The statistic comes from UN Watch, a nongovernmental organization that has, in part, monitored what it describes as the “disproportionate attention and unfair treatment applied by the UN toward Israel.”

We reviewed many of the resolutions in question, and experts at both the Council on Foreign Relations and the American Enterprise Institute confirmed that the statistic was credible.

Shapiro only cited four years of data, but the General Assembly has focused heavily on Israel for decades, a pattern that continues today.

“Decades of political maneuverings have created a disproportionate volume of resolutions, reports and conferences criticizing Israel,” said former U.N. Secretary-General Ban Ki-moon in 2016. “In many cases, rather than helping the Palestinian cause, this reality has hampered the ability of the United Nations to fulfill its role effectively.”

The General Assembly adopted 26 resolutions that criticized a country in 2016, of which 20 were directed at Israel. Ten critical resolutions were issued in a single day, including language that condemned “acts of violence, destruction, harassment, provocation and incitement by Israeli settlers” in what the General Assembly called “Occupied Palestinian Territory.”

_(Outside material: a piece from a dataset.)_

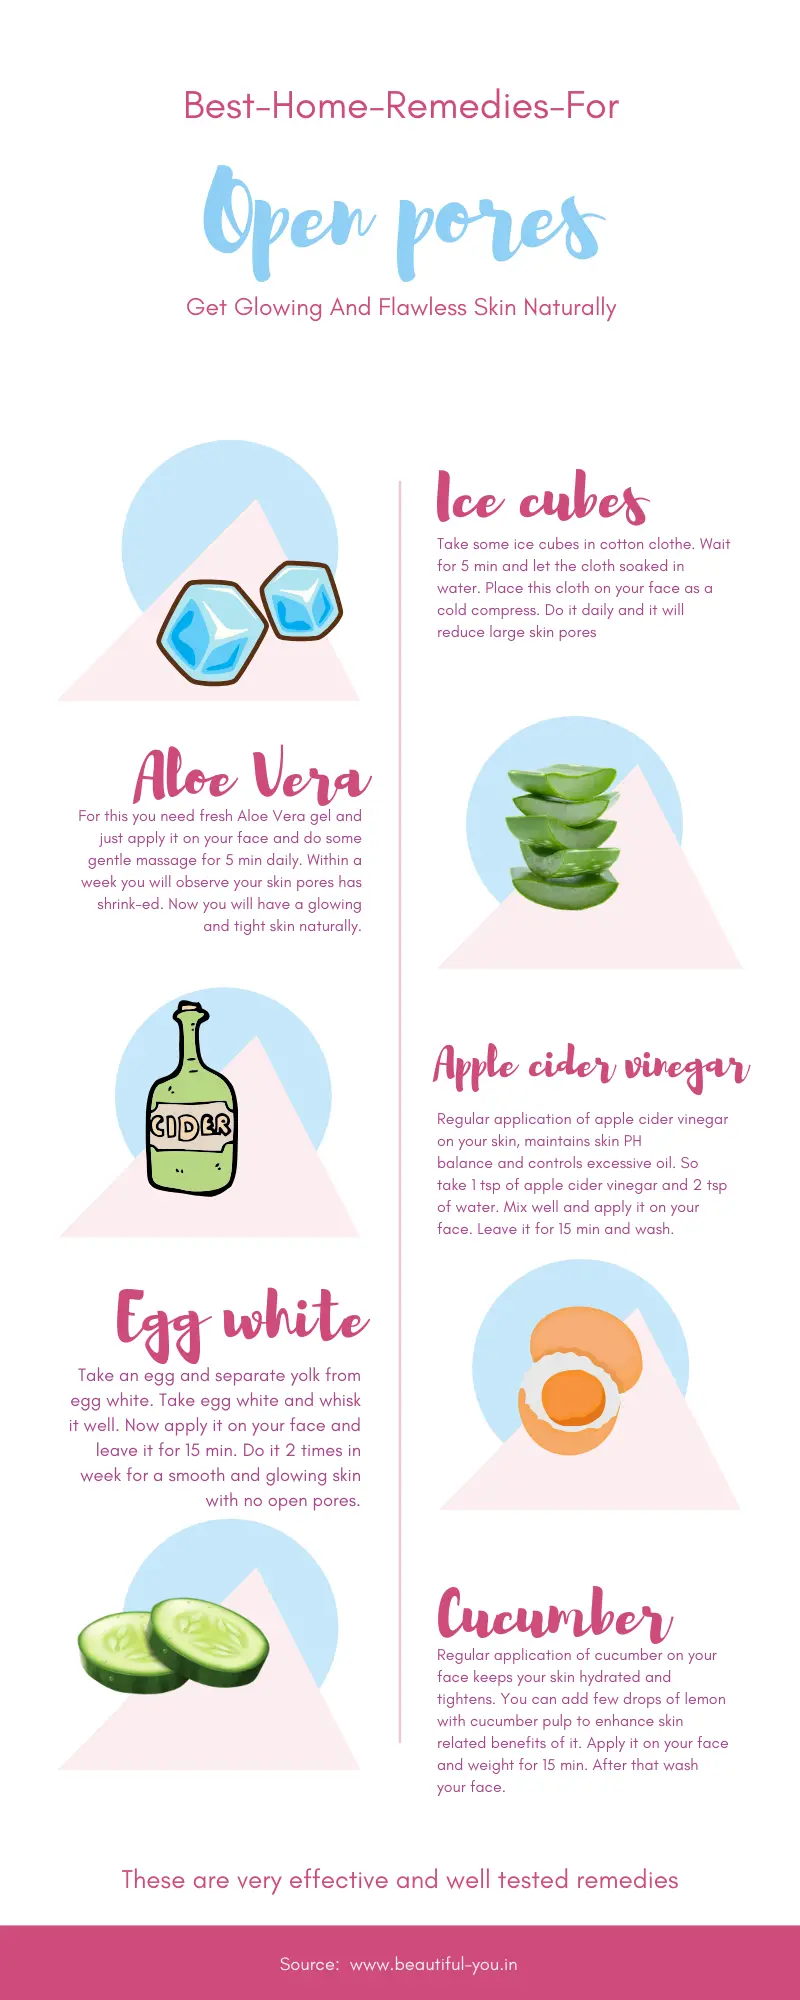 Home remedies for open pores

“The U.N.’s assault on Israel today with a torrent of one-sided resolutions is surreal,” Hillel Neuer, executive director of UN Watch, said at the time.

The measures passed with overwhelming support. One passed by a vote of 156 to 6; the others were adopted by similar margins.

Shapiro mentioned how other bodies of the U.N. including the Human Rights Council, adopt a disproportionate number of resolutions criticizing Israel as well.

“Literally half of all U.N. resolutions at the Human Rights Council criticizing a country have not been directed at North Korea, not against Iran, not against Saudi Arabia, not against Egypt, not against China, not against Venezuela, not against Cuba – against Israel, the only democratic free country in the Middle East,” said Shapiro. “Half of them.”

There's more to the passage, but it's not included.